### DATA EXTRACT
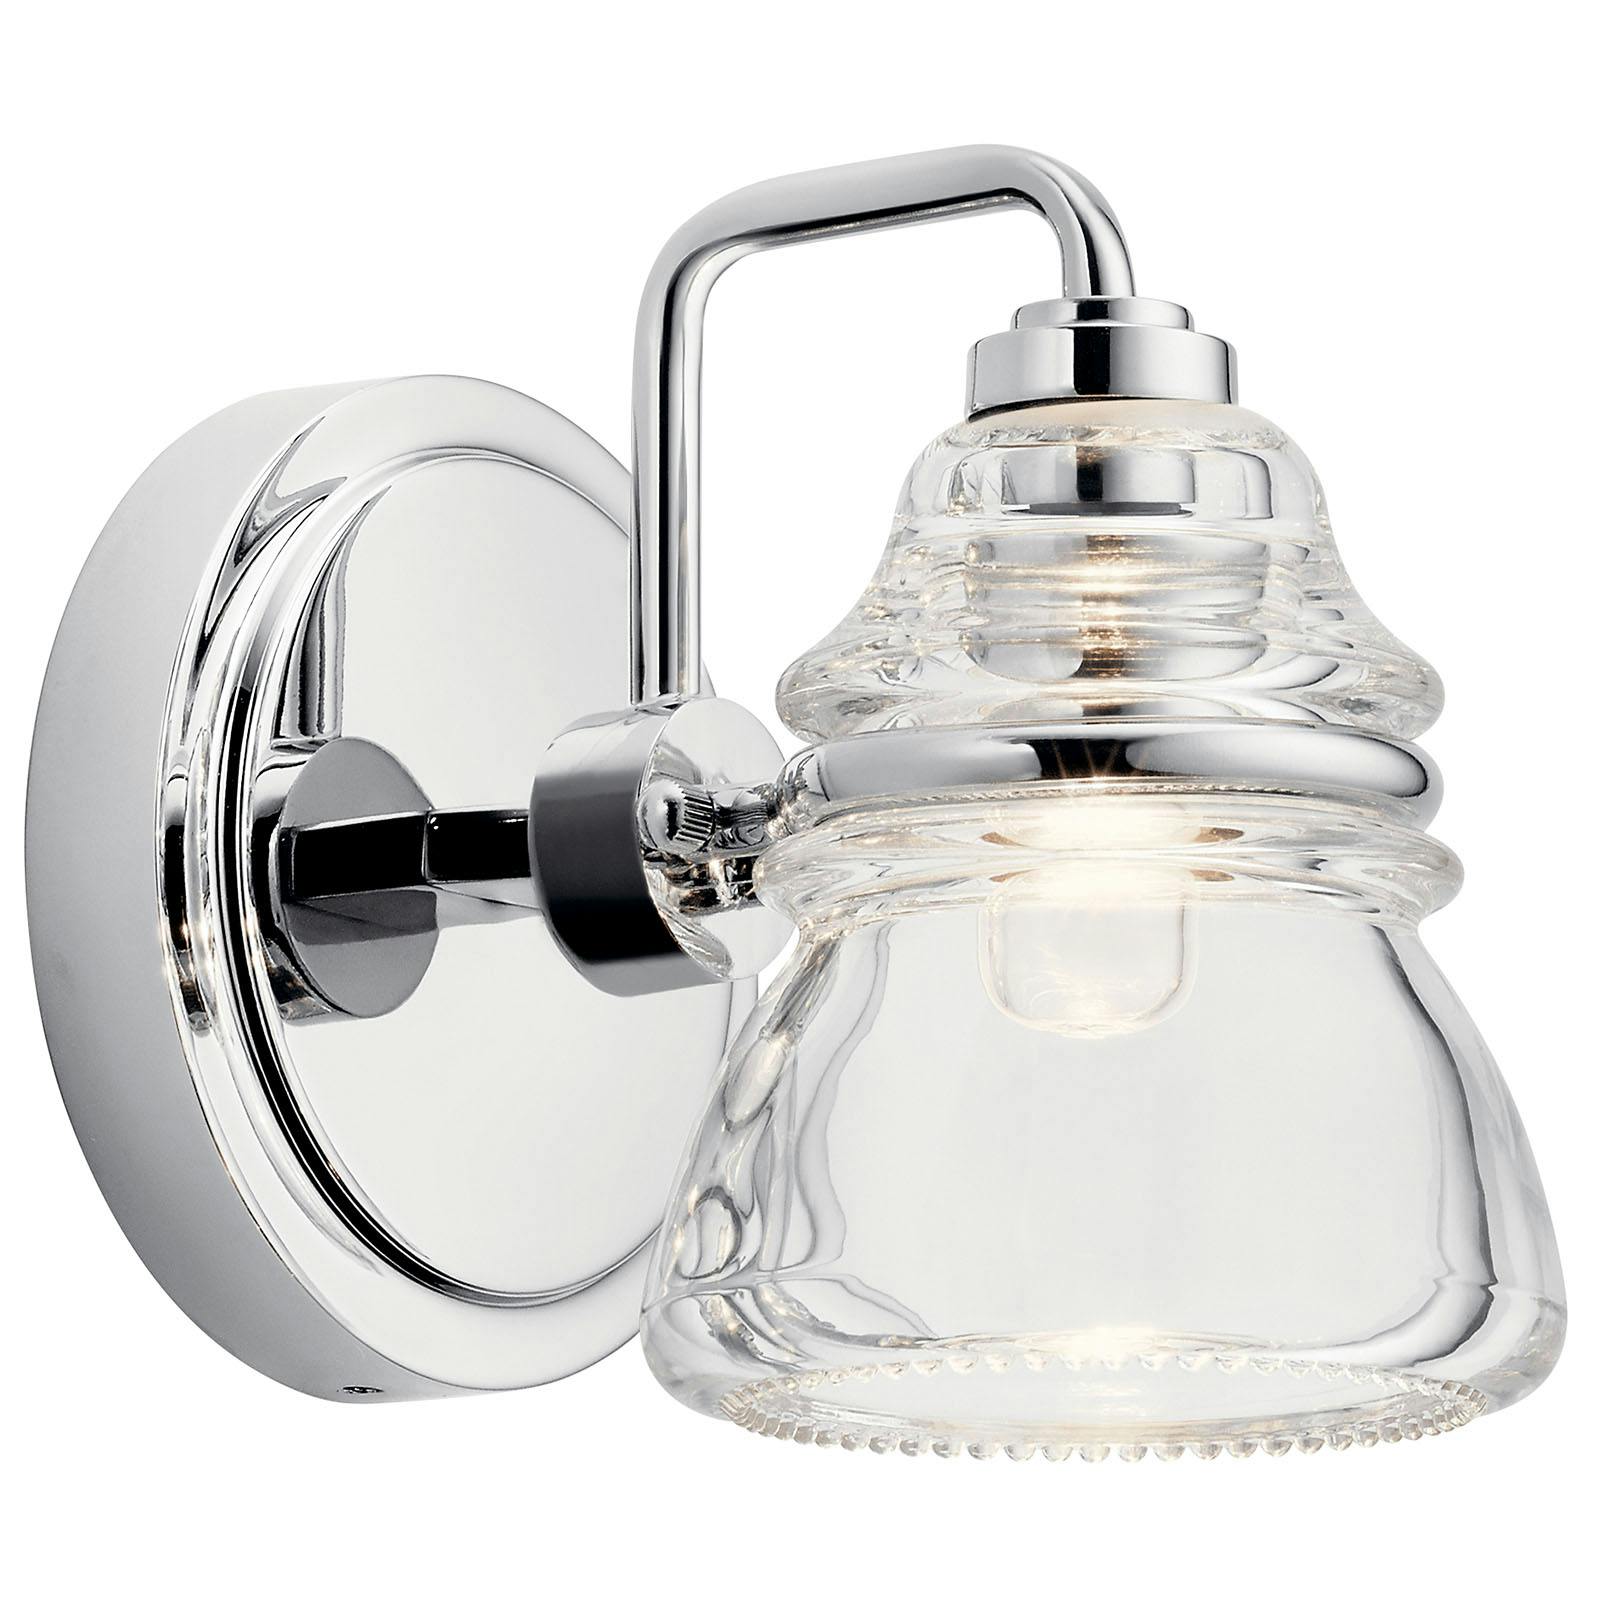 Talland 1 Light Wall Sconce Chrome on a white background
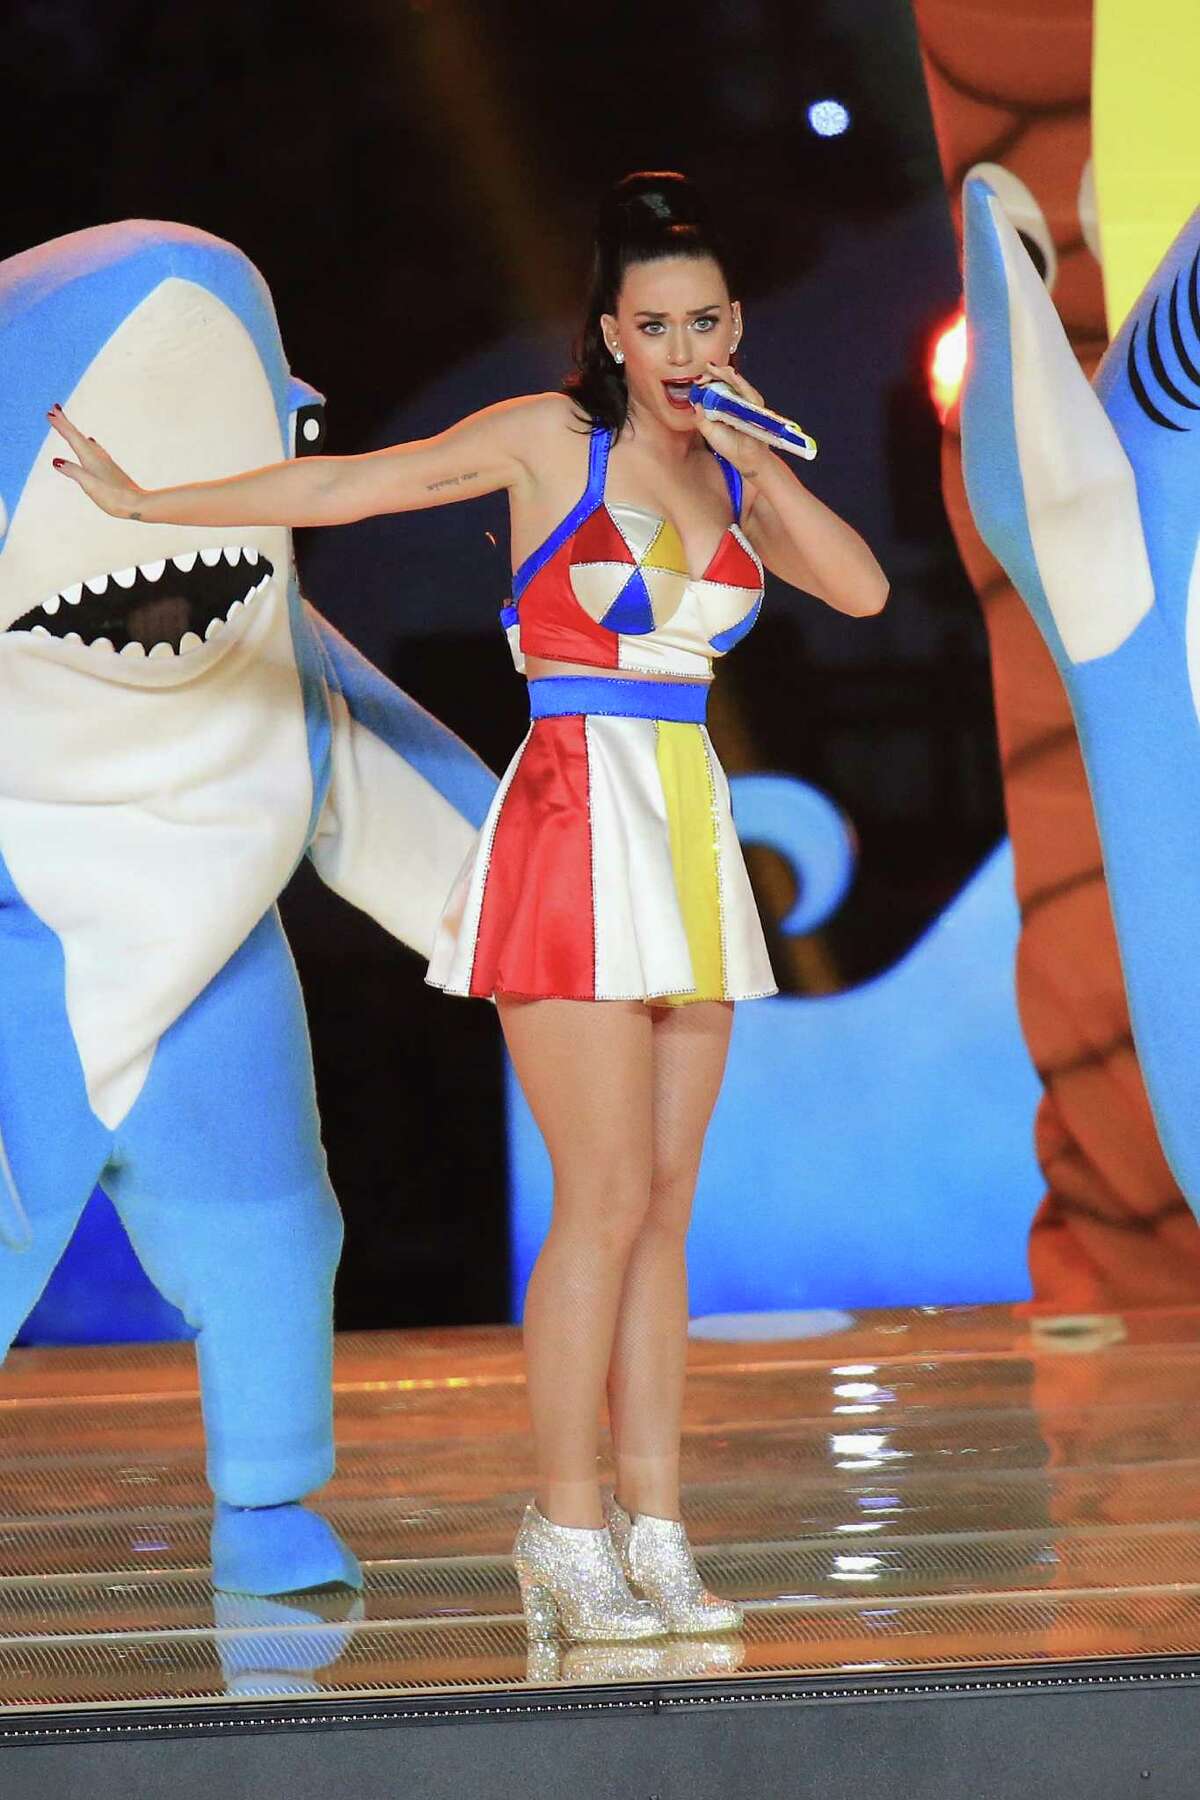 Recording artist Katy Perry performs onstage during the Pepsi Super Bowl XLIX Halftime Show at University of Phoenix Stadium on February 1, 2015 in Glendale, Arizona. (Photo by Christopher Polk/Getty Images) Premium Access Date created: February 01, 2015 Editorial #: 462640942 Restrictions: Contact your local office for all commercial or promotional uses. Full editorial rights UK, US, Ireland, Australia, NZ, Canada (not Quebec). Restricted editorial rights for daily newspapers elsewhere, please call. License type: Rights-managed Similar images View all Pepsi Super Bowl XLIX Halftime Show Pepsi Super Bowl XLIX Halftime Show Pepsi Super Bowl XLIX Halftime Show Pepsi Super Bowl XLIX Halftime Show Pepsi Super Bowl XLIX Halftime Show Pepsi Super Bowl XLIX Halftime Show Pepsi Super Bowl XLIX Halftime Show Pepsi Super Bowl XLIX Halftime Show Pepsi Super Bowl XLIX Halftime Show Pepsi Super Bowl XLIX Halftime Show Pepsi Super Bowl XLIX Halftime Show Pepsi Super Bowl XLIX Halftime Show Pepsi Super Bowl XLIX Halftime Show Pepsi Super Bowl XLIX Halftime Show Pepsi Super Bowl XLIX Halftime Show Pepsi Super Bowl XLIX Halftime Show Pepsi Super Bowl XLIX Halftime Show Pepsi Super Bowl XLIX Halftime Show Pepsi Super Bowl XLIX Halftime Show Pepsi Super Bowl XLIX Halftime Show Pepsi Super Bowl XLIX Halftime Show Pepsi Super Bowl XLIX Halftime Show Pepsi Super Bowl XLIX Halftime Show Pepsi Super Bowl XLIX Halftime Show Pepsi Super Bowl XLIX Halftime Show Pepsi Super Bowl XLIX Halftime Show Pepsi Super Bowl XLIX Halftime Show Pepsi Super Bowl XLIX Halftime Show Pepsi Super Bowl XLIX Halftime Show Pepsi Super Bowl XLIX Halftime Show EXPLORE THE NEW...
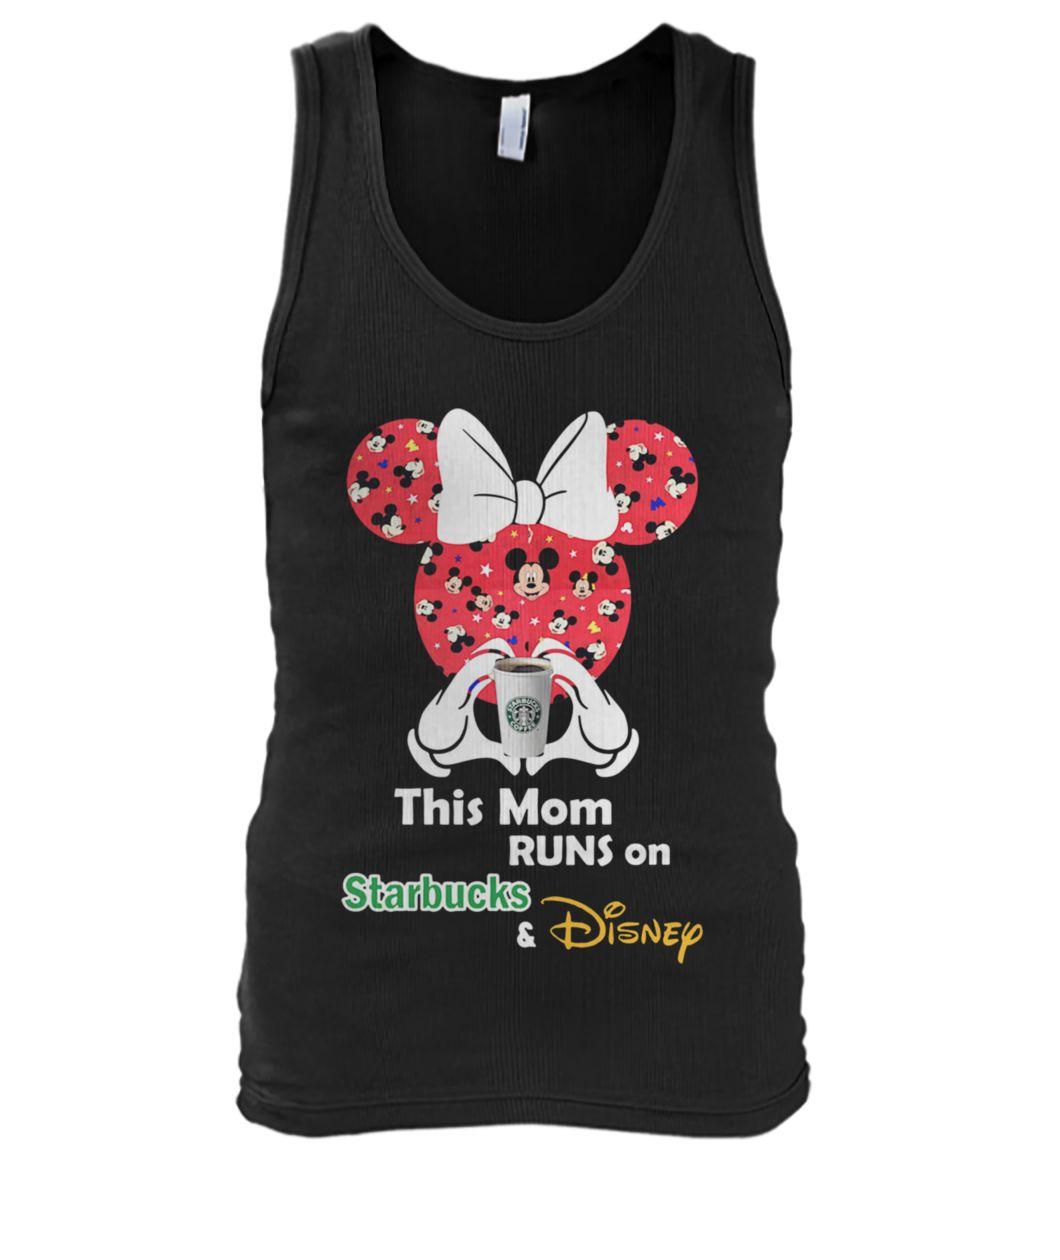 Mickey and minnie mouse this mom runs on starbucks and disney tank top

### WHAT THE TASK ASKS
Give an exact copy of the listing, without its pictures.

### RESULT
 Talland 1 Light Wall Sconce Chrome on a white background
 Recording artist Katy Perry performs onstage during the Pepsi Super Bowl XLIX Halftime Show at University of Phoenix Stadium on February 1, 2015 in Glendale, Arizona. (Photo by Christopher Polk/Getty Images) Premium Access Date created: February 01, 2015 Editorial #: 462640942 Restrictions: Contact your local office for all commercial or promotional uses. Full editorial rights UK, US, Ireland, Australia, NZ, Canada (not Quebec). Restricted editorial rights for daily newspapers elsewhere, please call. License type: Rights-managed Similar images View all Pepsi Super Bowl XLIX Halftime Show Pepsi Super Bowl XLIX Halftime Show Pepsi Super Bowl XLIX Halftime Show Pepsi Super Bowl XLIX Halftime Show Pepsi Super Bowl XLIX Halftime Show Pepsi Super Bowl XLIX Halftime Show Pepsi Super Bowl XLIX Halftime Show Pepsi Super Bowl XLIX Halftime Show Pepsi Super Bowl XLIX Halftime Show Pepsi Super Bowl XLIX Halftime Show Pepsi Super Bowl XLIX Halftime Show Pepsi Super Bowl XLIX Halftime Show Pepsi Super Bowl XLIX Halftime Show Pepsi Super Bowl XLIX Halftime Show Pepsi Super Bowl XLIX Halftime Show Pepsi Super Bowl XLIX Halftime Show Pepsi Super Bowl XLIX Halftime Show Pepsi Super Bowl XLIX Halftime Show Pepsi Super Bowl XLIX Halftime Show Pepsi Super Bowl XLIX Halftime Show Pepsi Super Bowl XLIX Halftime Show Pepsi Super Bowl XLIX Halftime Show Pepsi Super Bowl XLIX Halftime Show Pepsi Super Bowl XLIX Halftime Show Pepsi Super Bowl XLIX Halftime Show Pepsi Super Bowl XLIX Halftime Show Pepsi Super Bowl XLIX Halftime Show Pepsi Super Bowl XLIX Halftime Show Pepsi Super Bowl XLIX Halftime Show Pepsi Super Bowl XLIX Halftime Show EXPLORE THE NEW...
 Mickey and minnie mouse this mom runs on starbucks and disney tank top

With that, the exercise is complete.